2 minute read
COLUMN ONNO KLEYN
WWIJNKWALITEIT VERBETERT
Gelukkig hebben we nog wijn. De ultieme zelfkietelaar, zelfverwenner, zelftrooster, steun in bange dagen, gelukverspreider uit een fles. Tja, ik bedoel maar, we leven in taaie tijden. Ongekend, zonder precedent, veeg de kwalificaties maar bij elkaar. Aangaande dat virus klopt het. Maar aangaande de wijn ook! En waar het eerste negatief is, glimlacht het tweede ons blij toe. Wijn is namelijk beter dan ooit tevoren. Lekkerder, intenser, met meer laagjes in geur en smaak.

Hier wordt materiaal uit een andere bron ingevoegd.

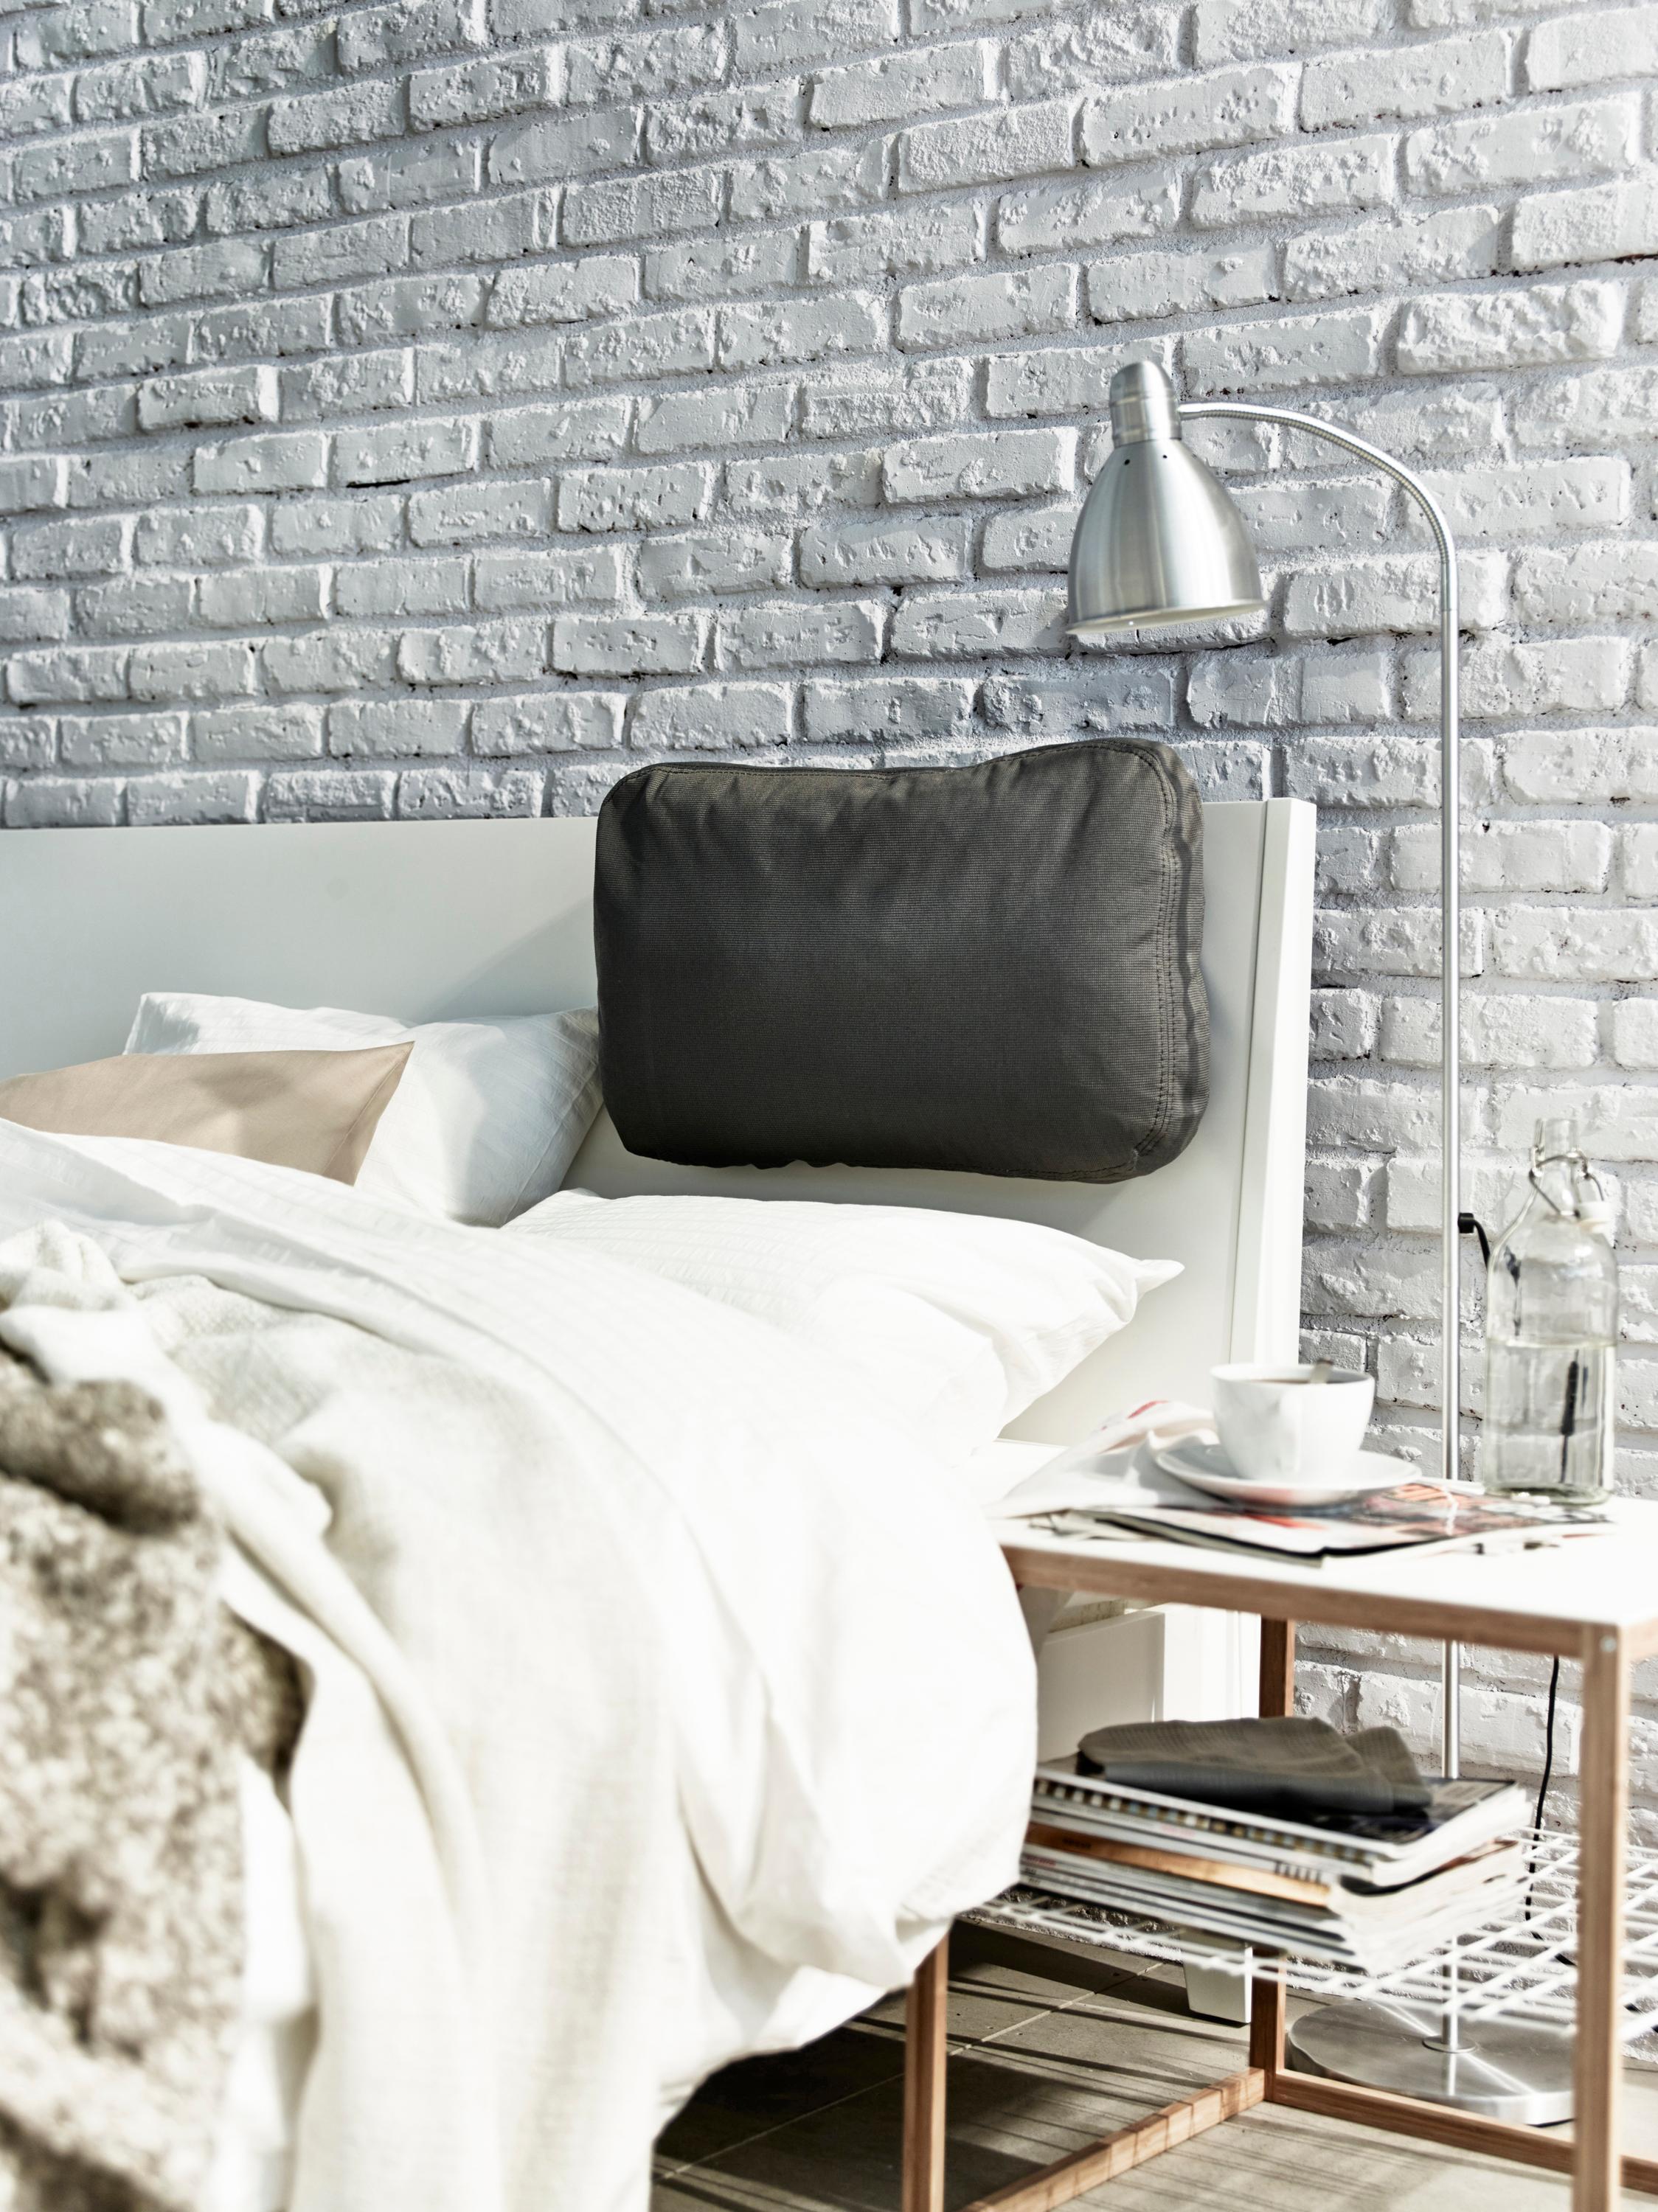 Graue Steinwand im Schlafzimmer #bett #stehlampe #kissen #ikea #steinwand #grauesteinwand ©Inter IKEA Systems B.V.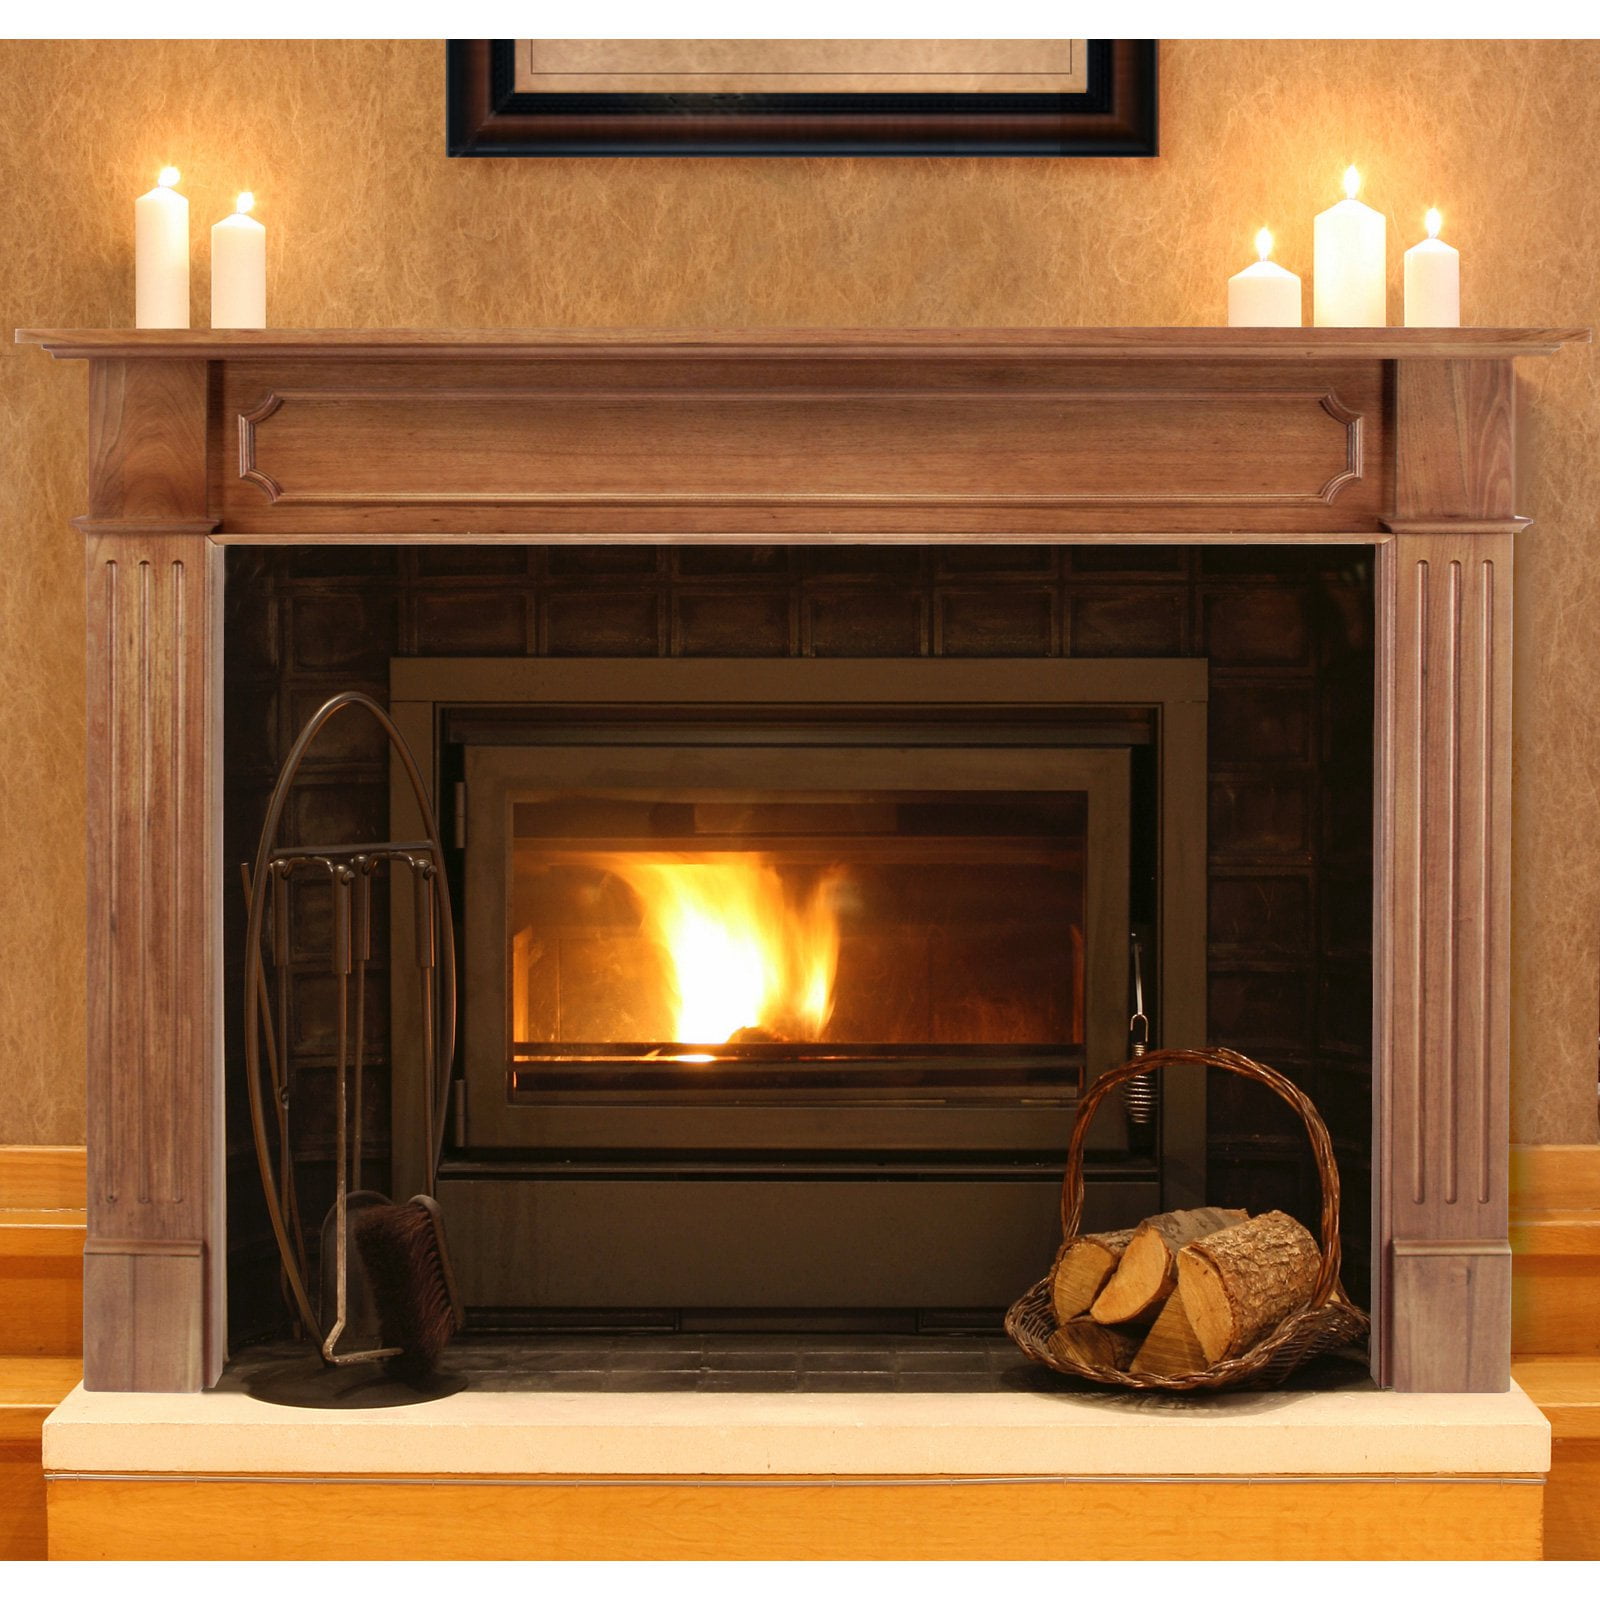 Pearl Mantels Alamo Wood Fireplace, Fireplace Wood Mantels And Surrounds

Goede wijn was er altijd al, zult u zeggen. Jazeker. Maar hij was schaars. Schaarser dan tegenwoordig. Allereerst hing alles af van het klimaat en meer specifiek van het weer. Dat doet het nog uiteraard. Er zijn nog altijd goede en rottige wijnjaren, per land verschillend, per streek, per gebiedje soms. Maar al sinds Louis Pasteur in 1857 aantoonde dat de vergisting van druivenmost veroorzaakt werd door gistcellen, is de kennis omtrent het fermenteringsproces van wijn gegroeid. Met als gevolg dat er veel meer opgevangen kan worden. En dan bedoel ik niet door het toevoegen van stoffen, hoewel dat ook gebeurt, wat wijnsteenzuur erbij bijvoorbeeld als de wijn te weinig fris dreigt te worden, maar door te spelen met de temperatuur bij de vergisting, door al dan niet de schilletjes extra in contact te brengen met de most, of door zuurstof door het fermenteringsvat te laten borrelen.
En dat is alleen nog maar kelderwerk. Zeer belangrijk, en oenologen en consultants verdienen er een goedbelegde boterham mee, maar zij zullen beamen dat hun toverkunsten beperkt zijn: zonder goede druiven doen ze niks. De kennis omtrent het telen van de wijnstok is echter ook enorm toegenomen. Waar de beste plekken zijn om kwaliteitsdruiven en kwaliteitswijn te maken was al eeuwen bekend. Maar waarom juist daar slechts ten dele.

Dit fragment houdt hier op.